Prompt
Set down the data below in full, exactly as it reads, but without the pictures.

Dataset content
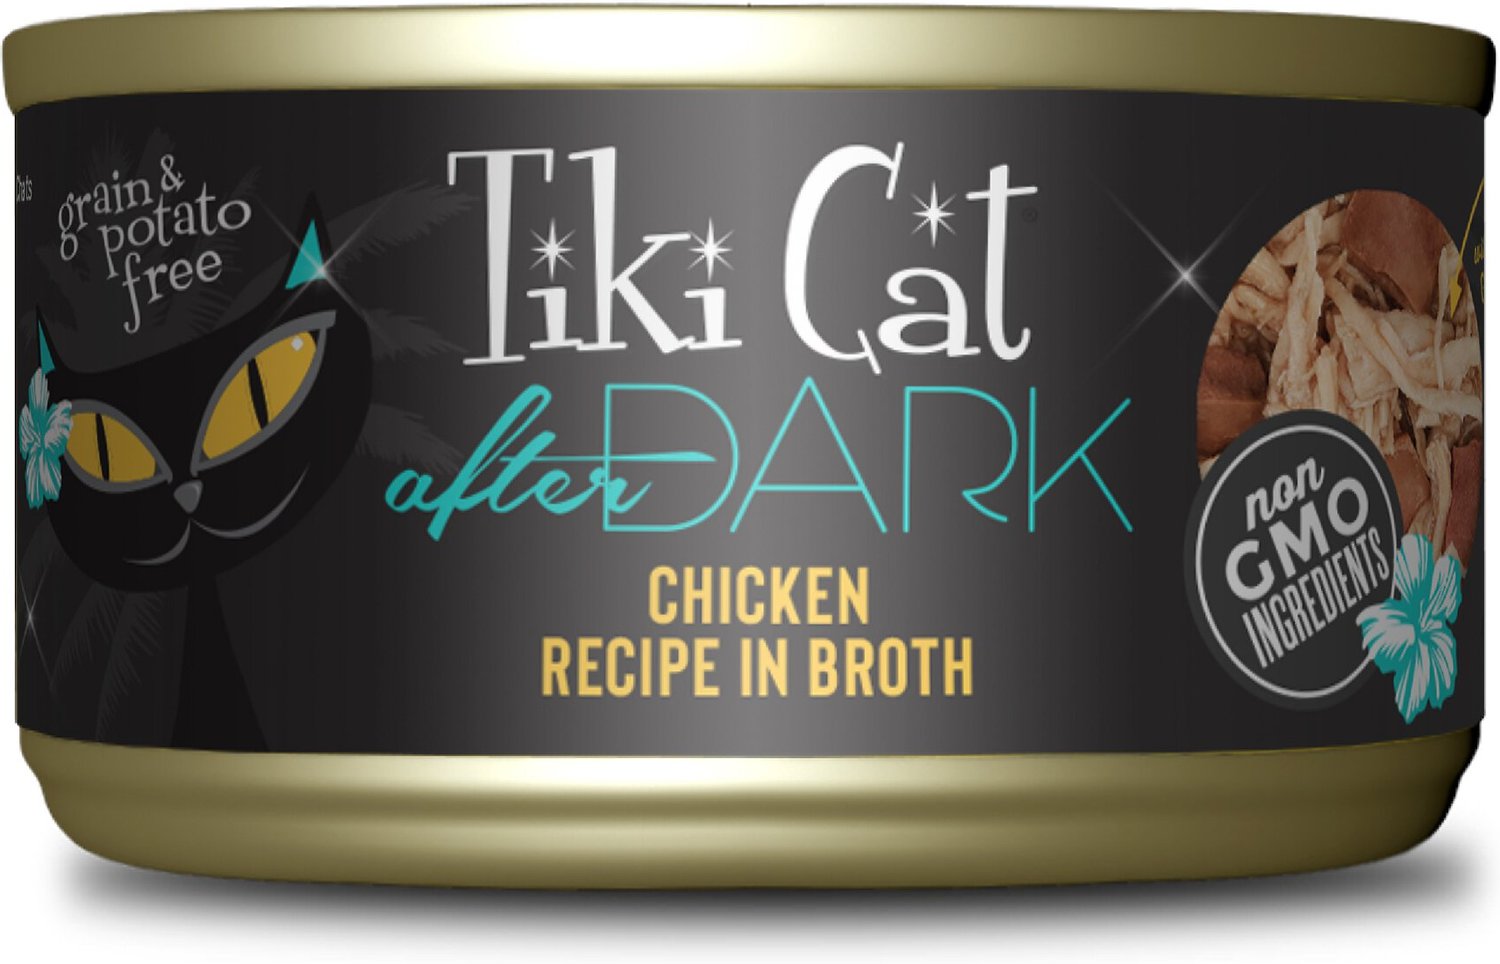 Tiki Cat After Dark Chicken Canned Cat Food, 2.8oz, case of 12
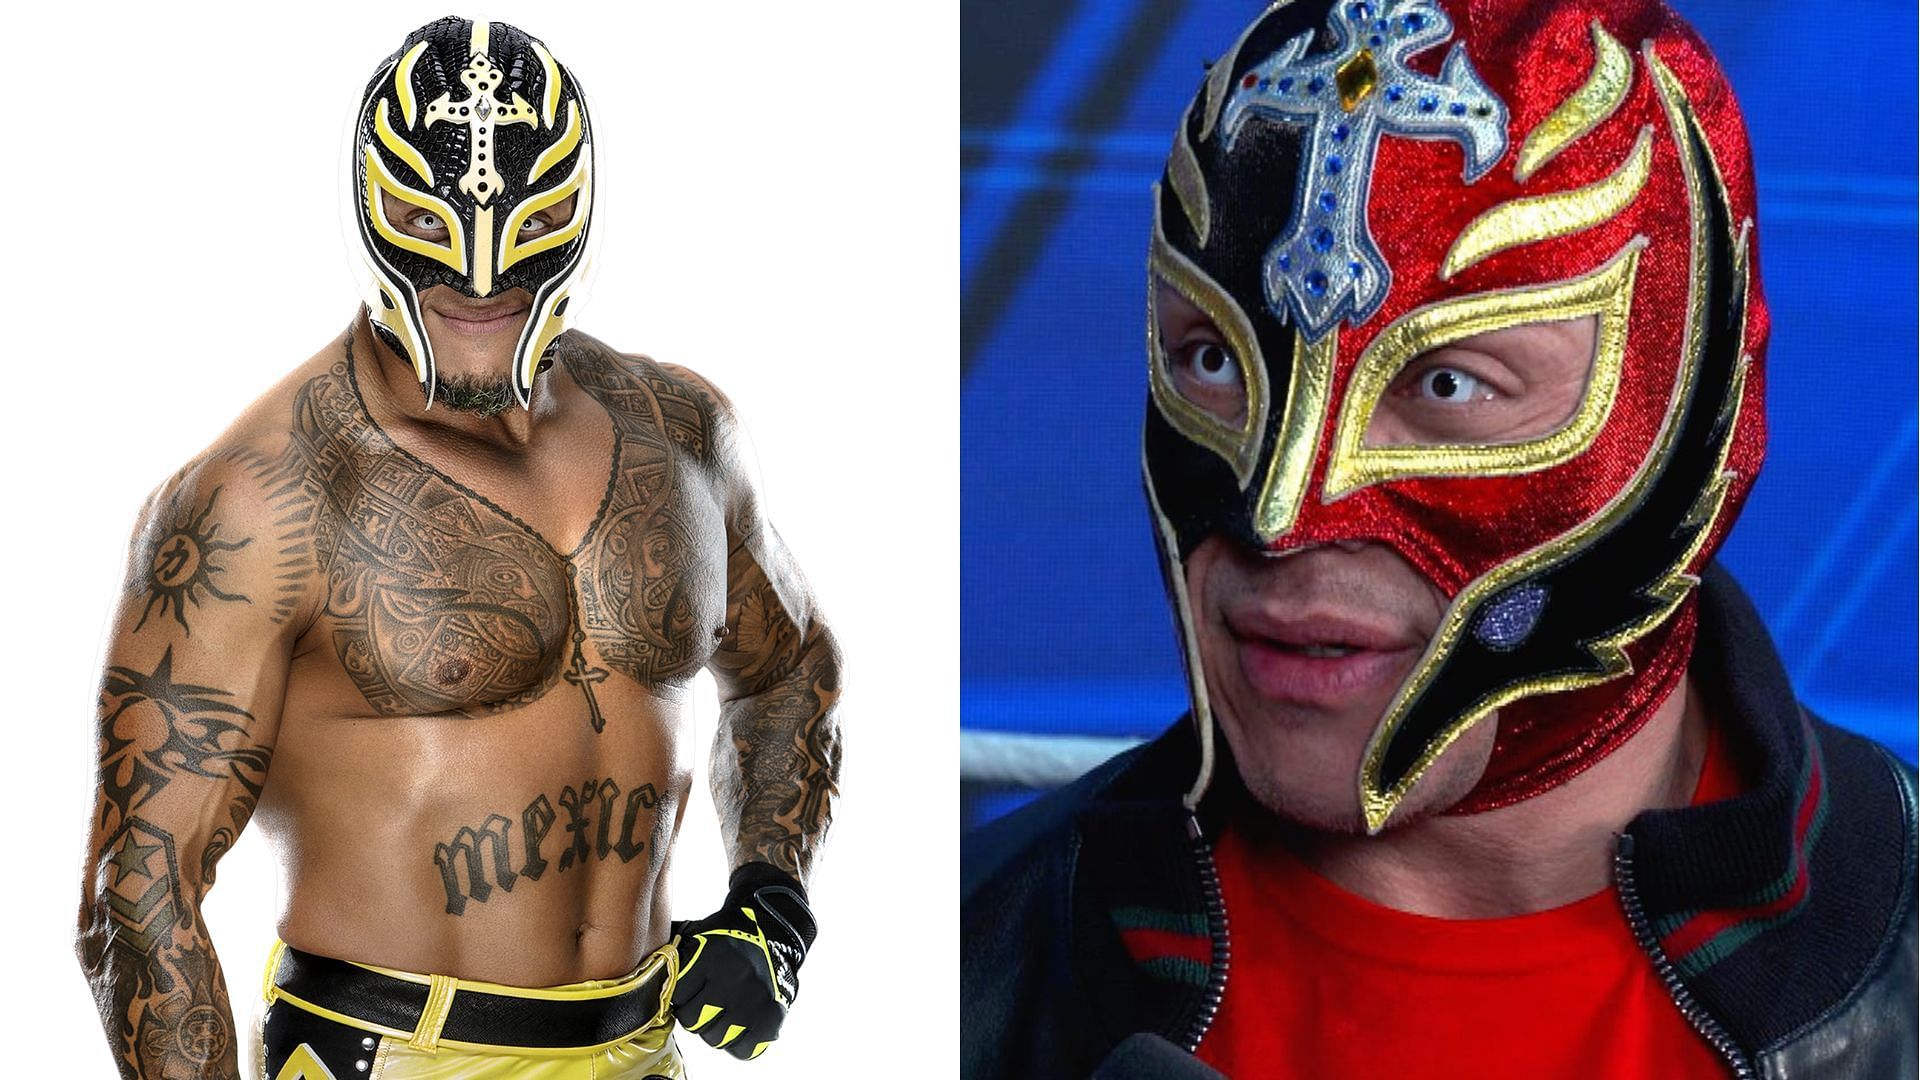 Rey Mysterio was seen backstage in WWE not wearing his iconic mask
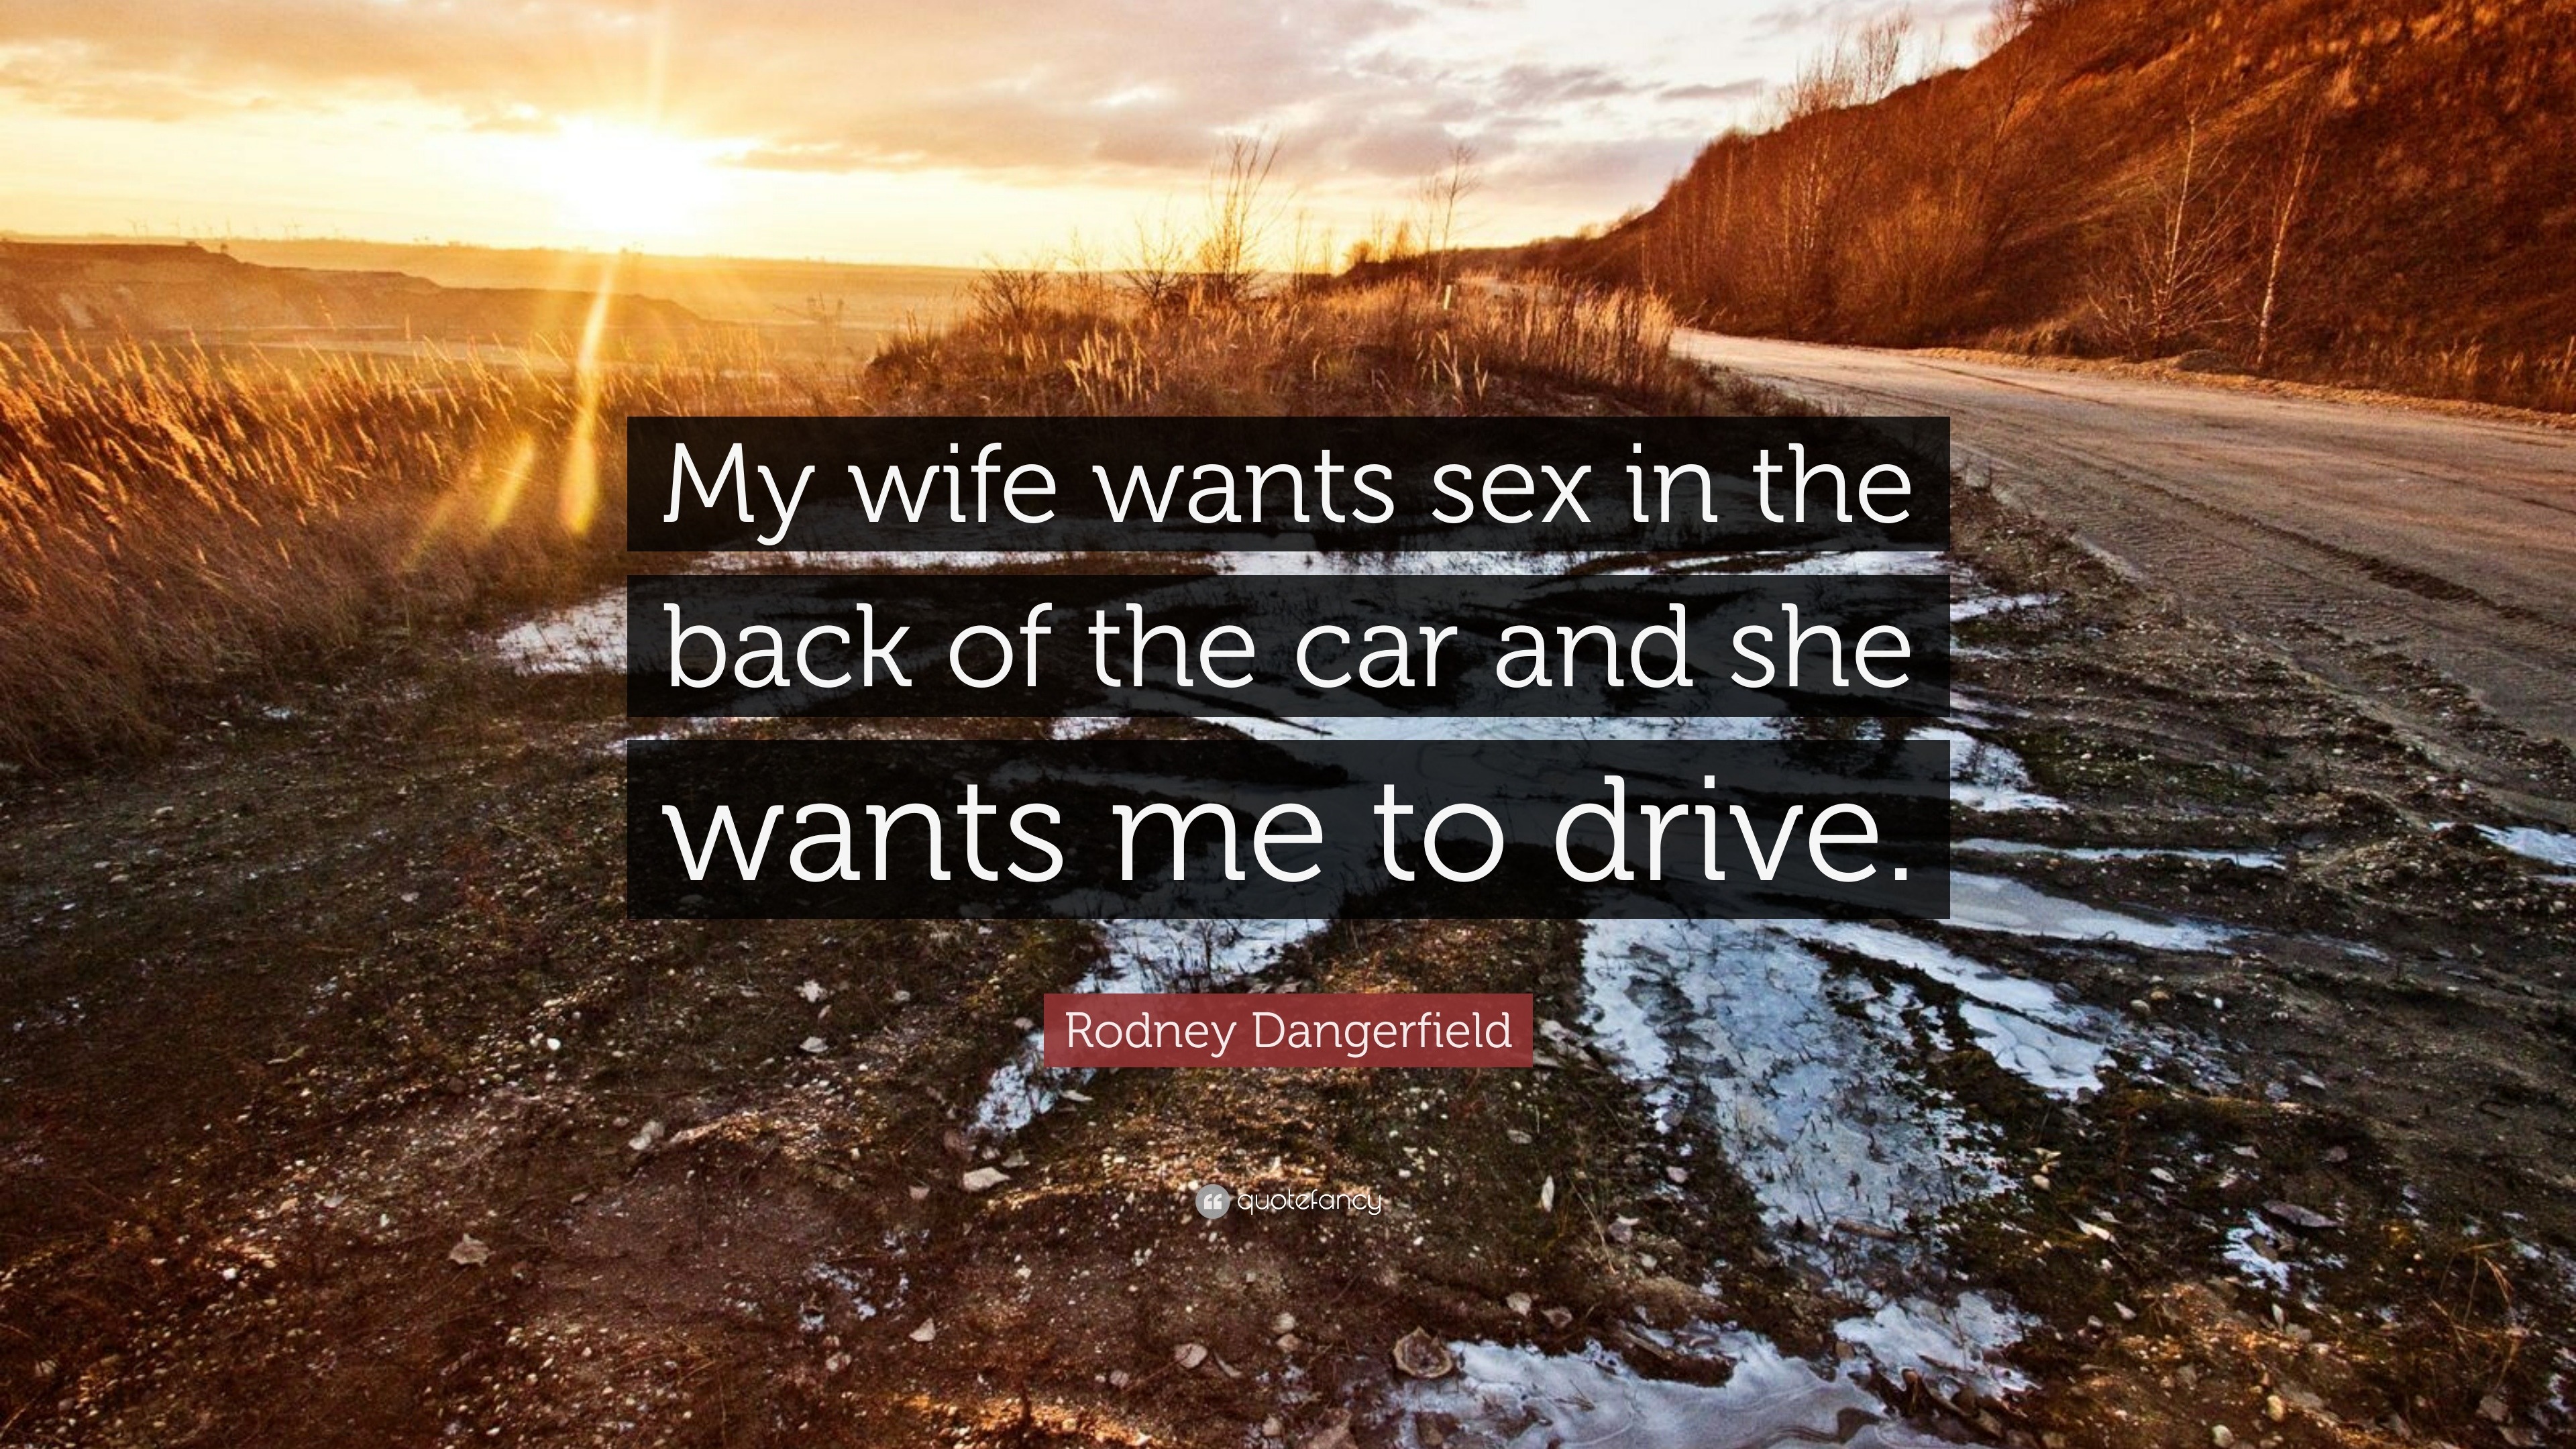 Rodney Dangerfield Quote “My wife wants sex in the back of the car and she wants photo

Solution to the problem
 Tiki Cat After Dark Chicken Canned Cat Food, 2.8oz, case of 12
 Rey Mysterio was seen backstage in WWE not wearing his iconic mask
 Rodney Dangerfield Quote “My wife wants sex in the back of the car and she wants photo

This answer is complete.